Exercise goal - Would you retype the lines from the one that holds "LEGO Polybag Harry" to the final line of the entries below, both ends included and exactly as written, but without pictures?

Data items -
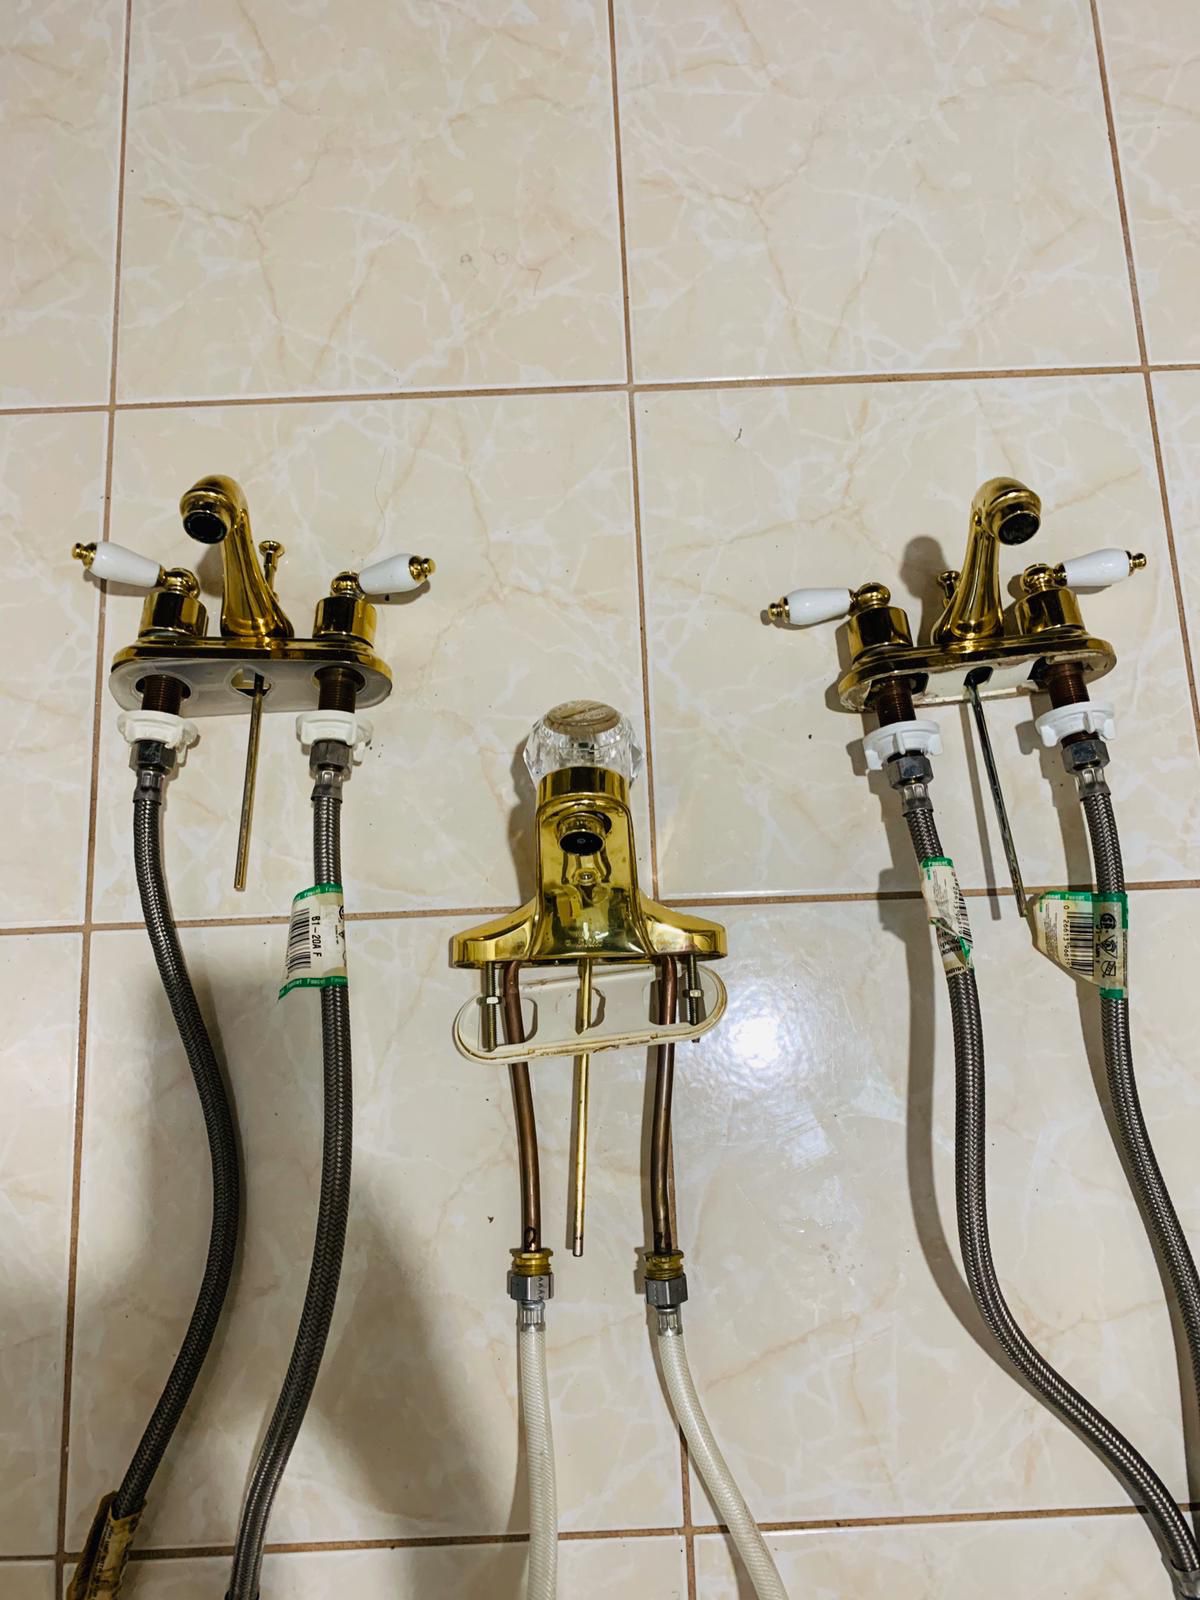 THREE Gold bathroom faucets
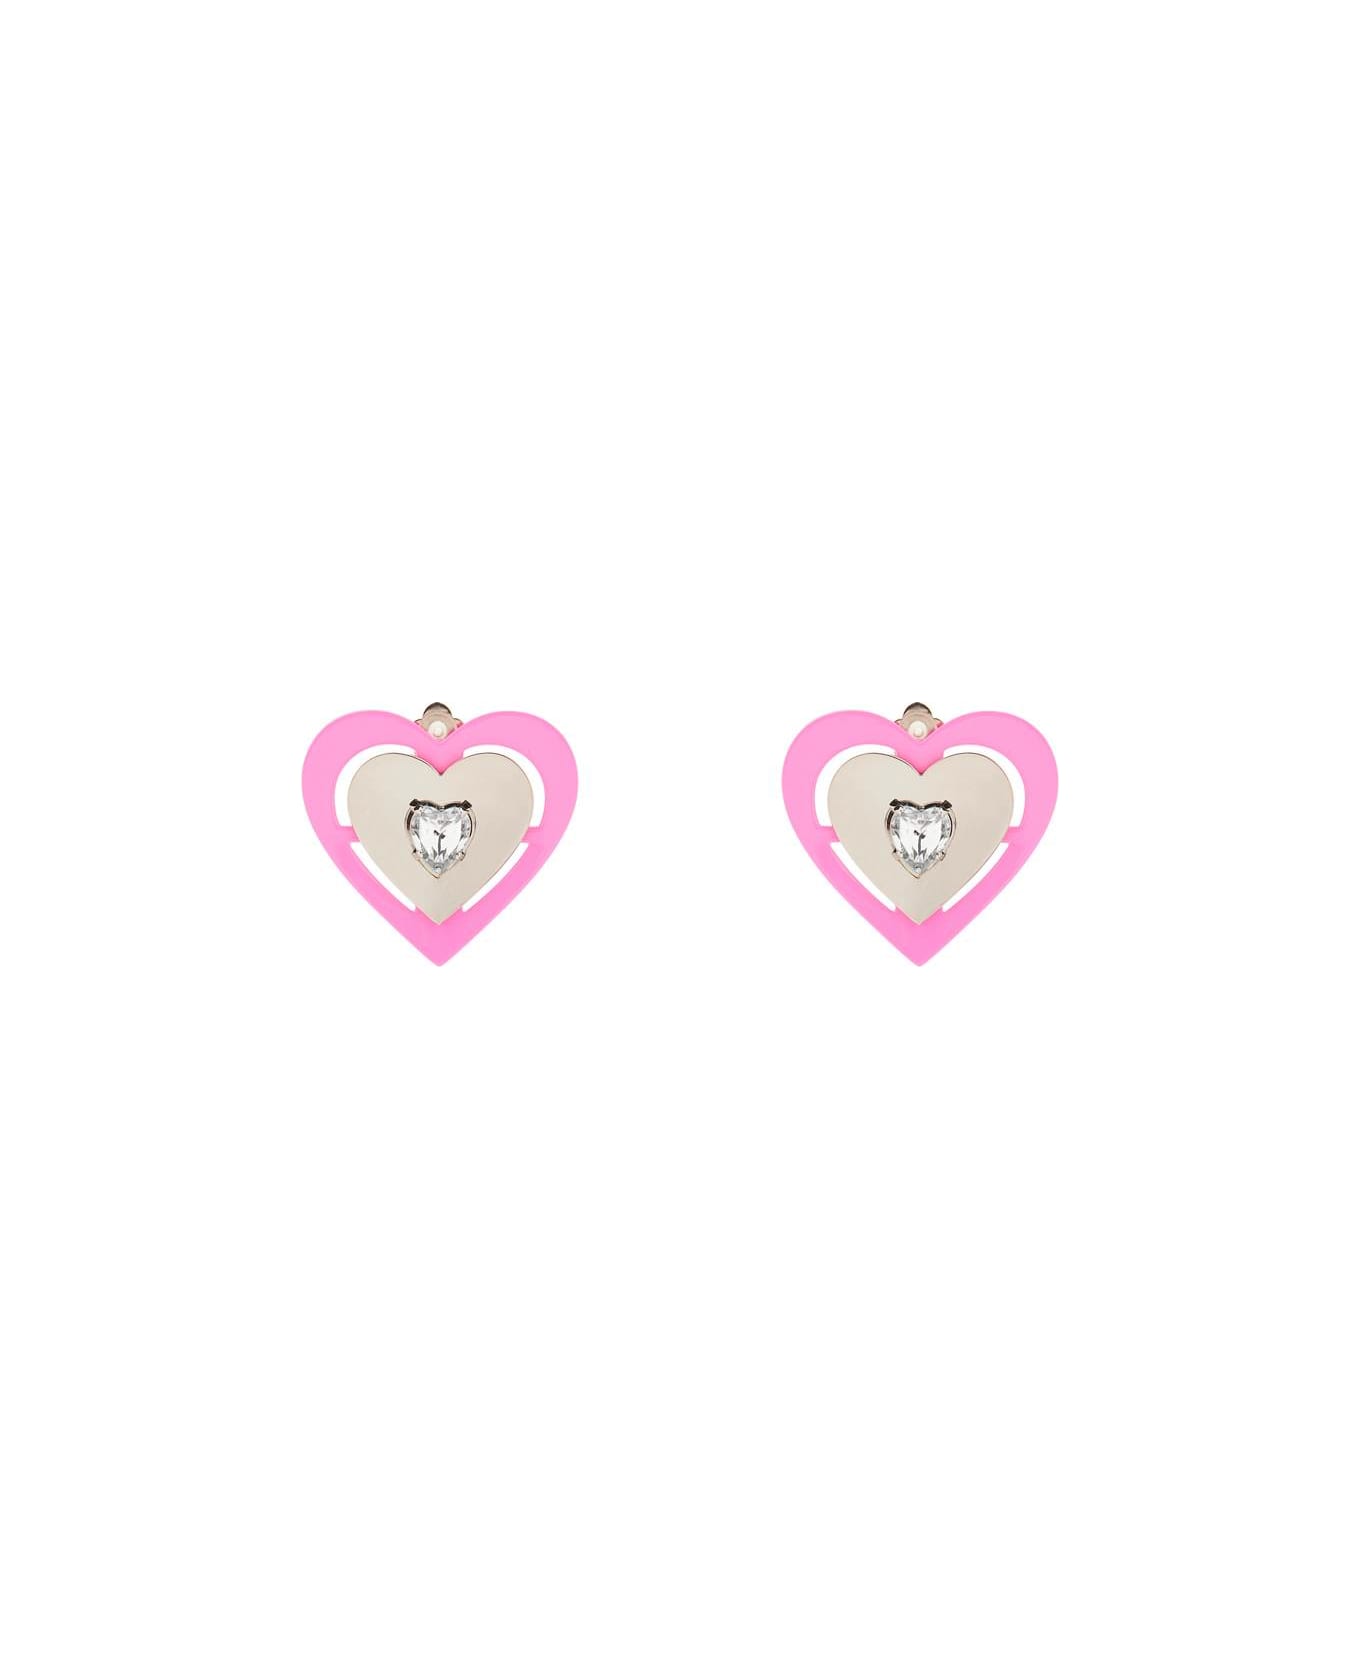 SafSafu 'pink Neon Heart' Clip-on Earrings - SILVER/PINK
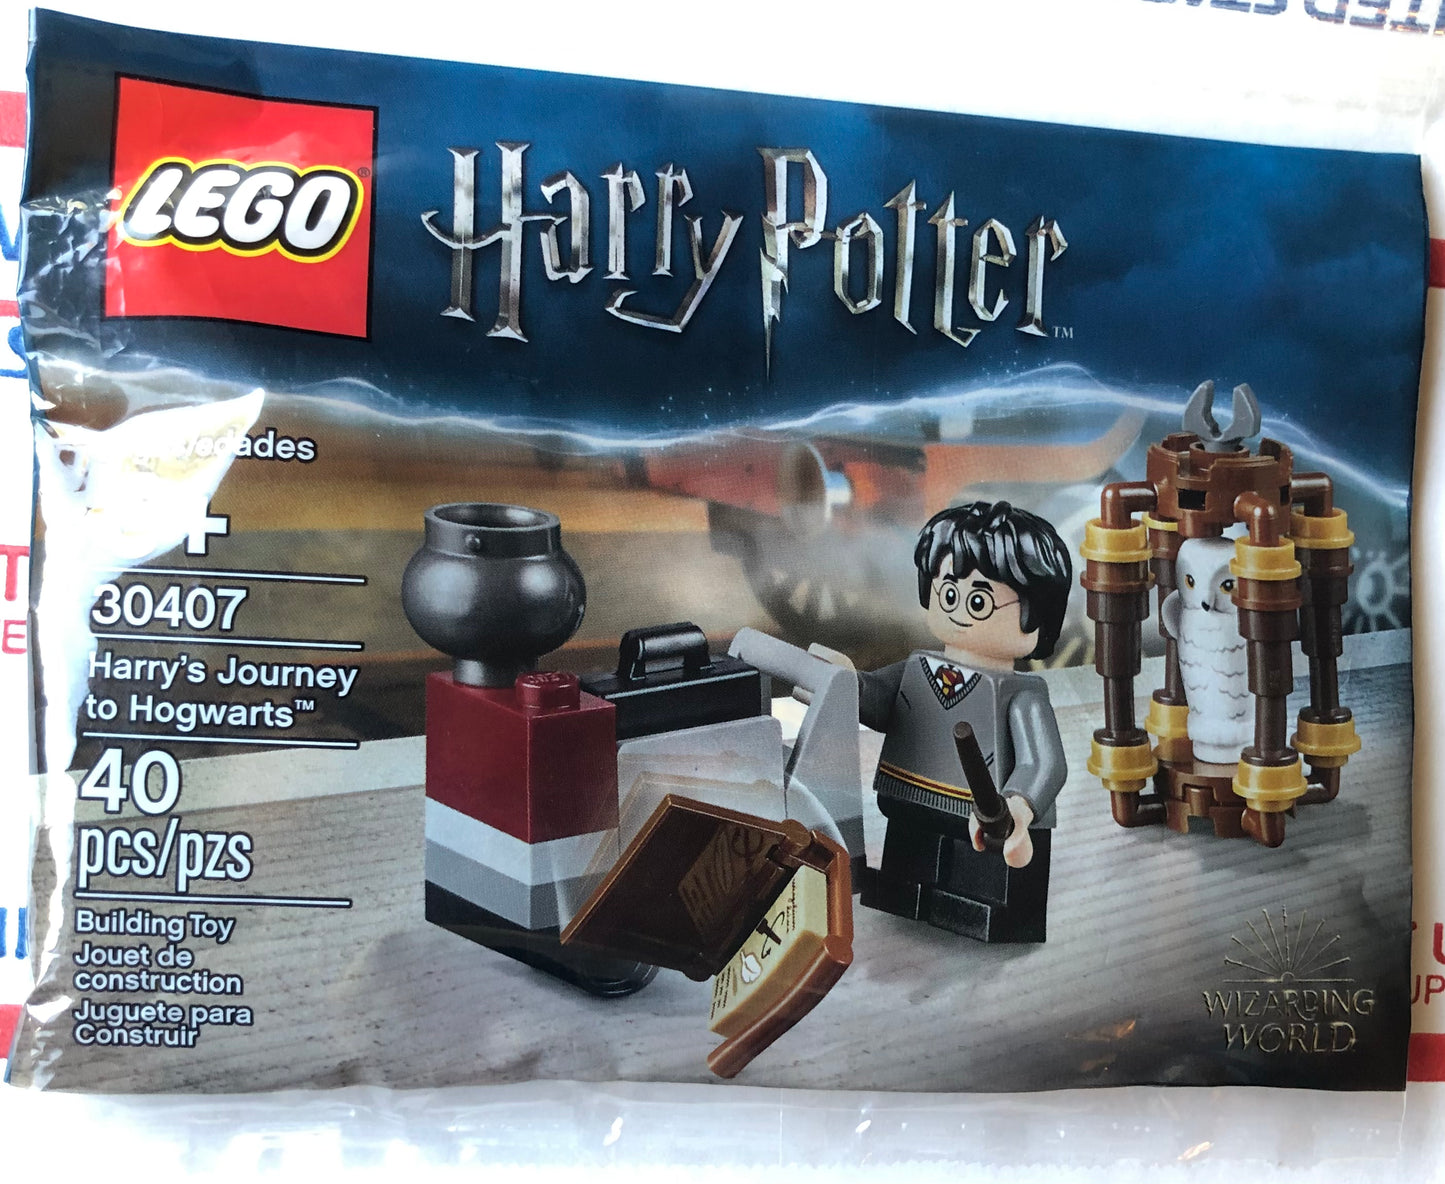 LEGO Polybag Harry Potter Harry's Journey to Hogwarts Set 30407
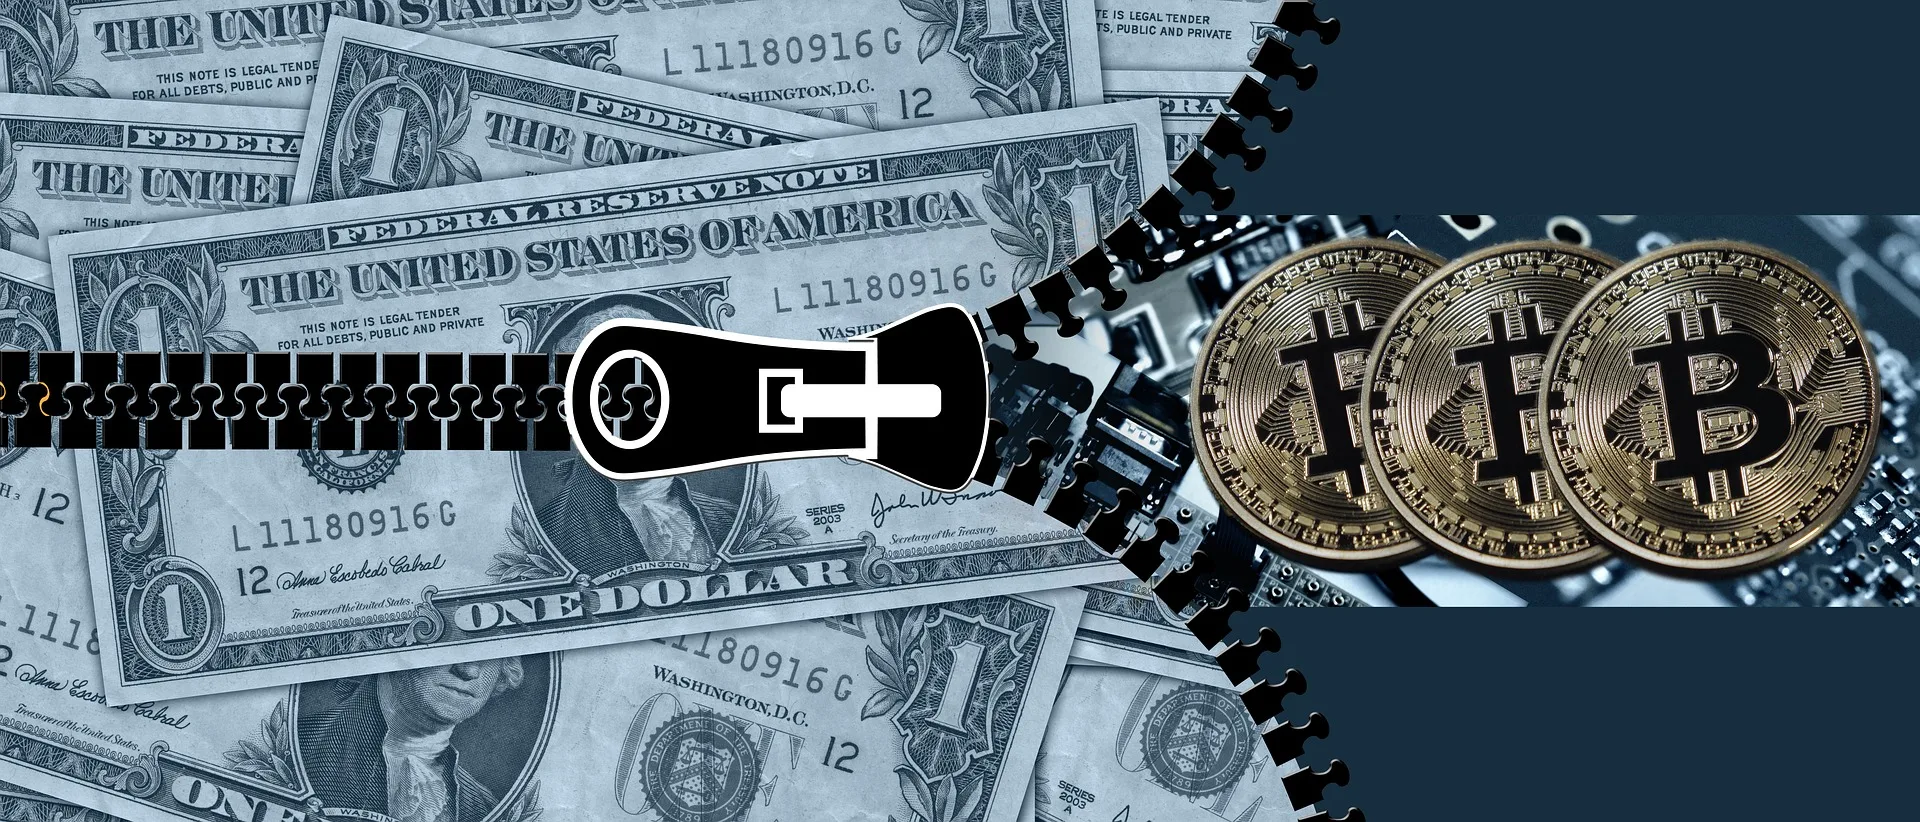 bitcoinovy milionar zariadil peniaze padali neba zatknuty hongkong jpg
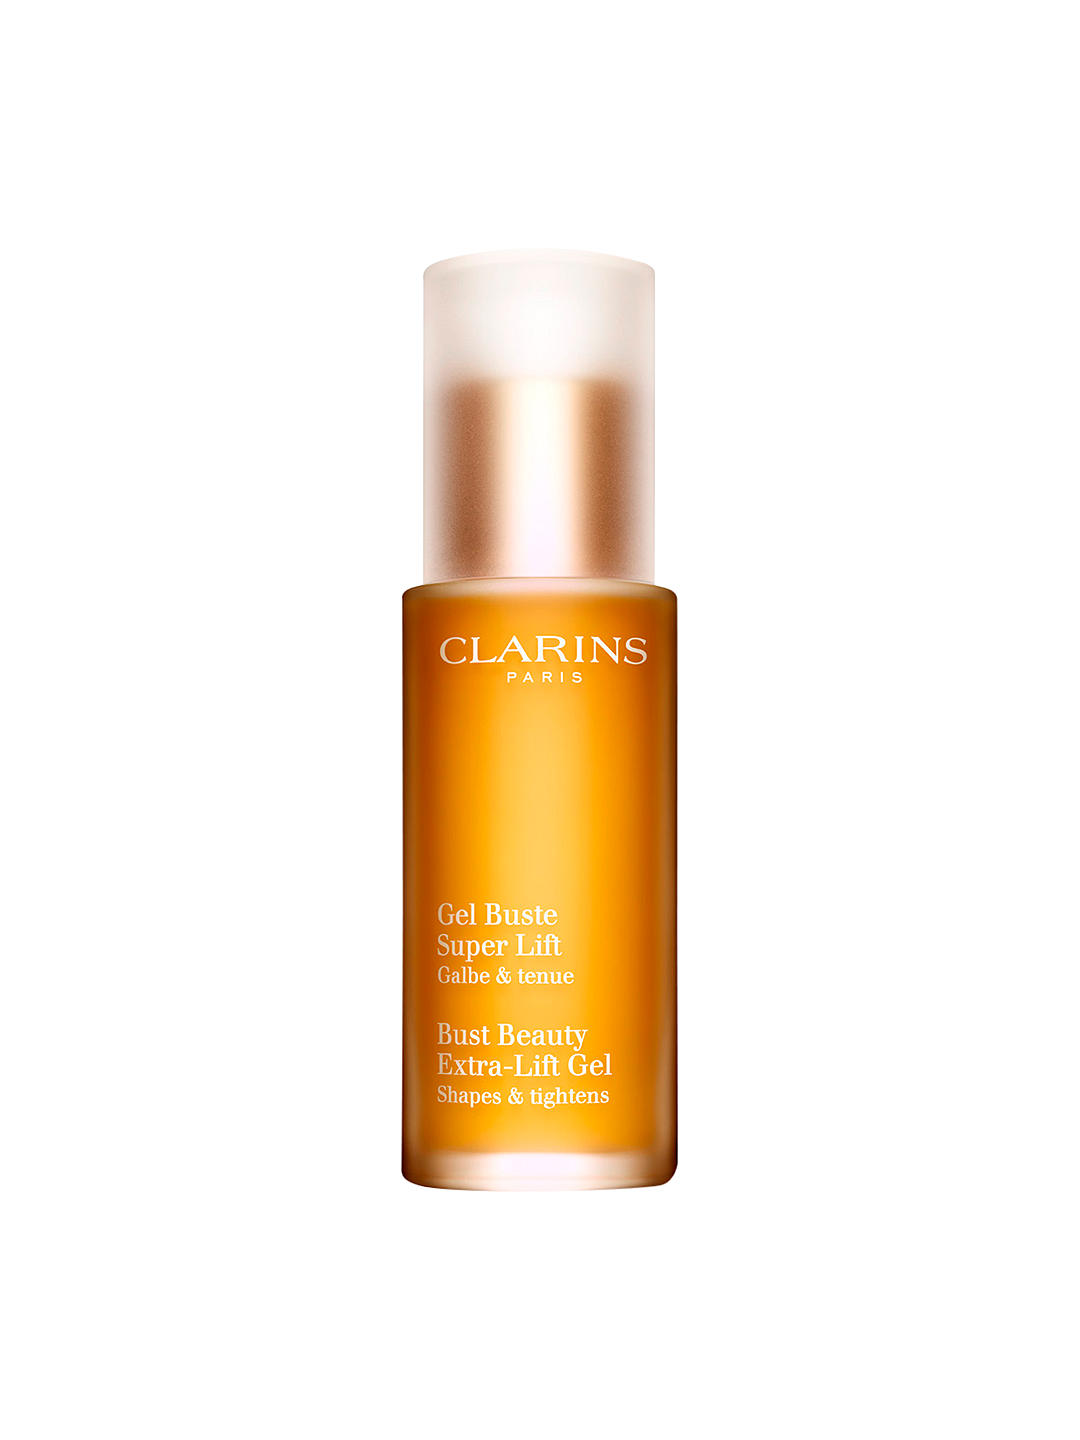 Clarins Bust Beauty Extra-Lift Gel, 50ml 1

Result -
 LEGO Polybag Harry Potter Harry's Journey to Hogwarts Set 30407
 bitcoinovy milionar zariadil peniaze padali neba zatknuty hongkong jpg
 Clarins Bust Beauty Extra-Lift Gel, 50ml 1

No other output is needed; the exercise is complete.